Technology Diversity

Research Notes
Author
Affiliation

Mingze Gao, PhD

Macquarie University

Published

July 20, 2024

This posts constructs the firm-year technology diversity measure as in Hsu et al. (2018).

Introduction

In Hsu et al. (2018), a firm’s technology diversity is measured by the concentration of its patents over a set of technology categories.
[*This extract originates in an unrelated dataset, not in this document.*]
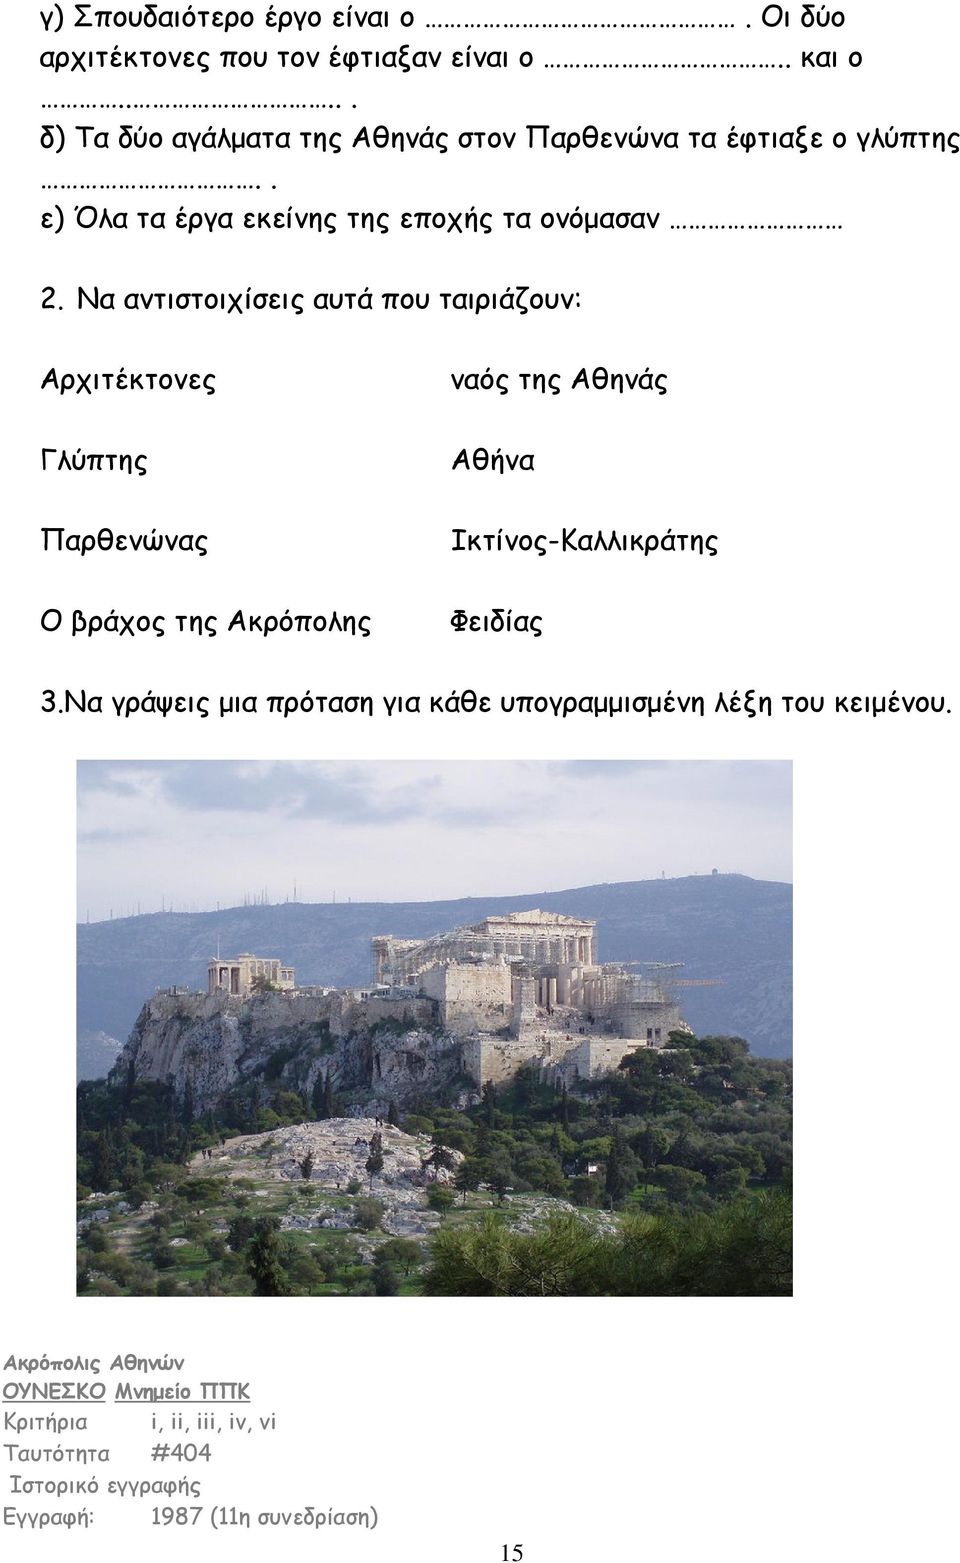 Να αντιστοιχίσεις αυτά που ταιριάζουν: Αρχιτέκτονες Γλύπτης Παρθενώνας Ο βράχος της Ακρόπολης ναός της Αθηνάς Αθήνα Ικτίνος-Καλλικράτης

Specifically, a firm-year’s technology diversity score is 1 minus the HHI based on the distribution of technology categories for which a firm’s patents are filed in the most recent three years (i.e., 1 minus the sum of the squared percentages of patents in individual technology categories) multiplied by an adjustment factor that is the patent number divided by the patent number minus 1.1

1 This adjustment factor aims to correct the downward bias of diversification measures when the number of patents is small, as suggested by Hall, Jaffe, and Trajtenberg (2001).

Example

If a firm has the following patents in the most recent three years:

Patent Technology Category
A X
B Y
C Y

The firm’s 1 minus the HHI based on the distribution of technology categories is \(1-[(\frac{1}{3})^2+(\frac{2}{3})^2]=0.444\).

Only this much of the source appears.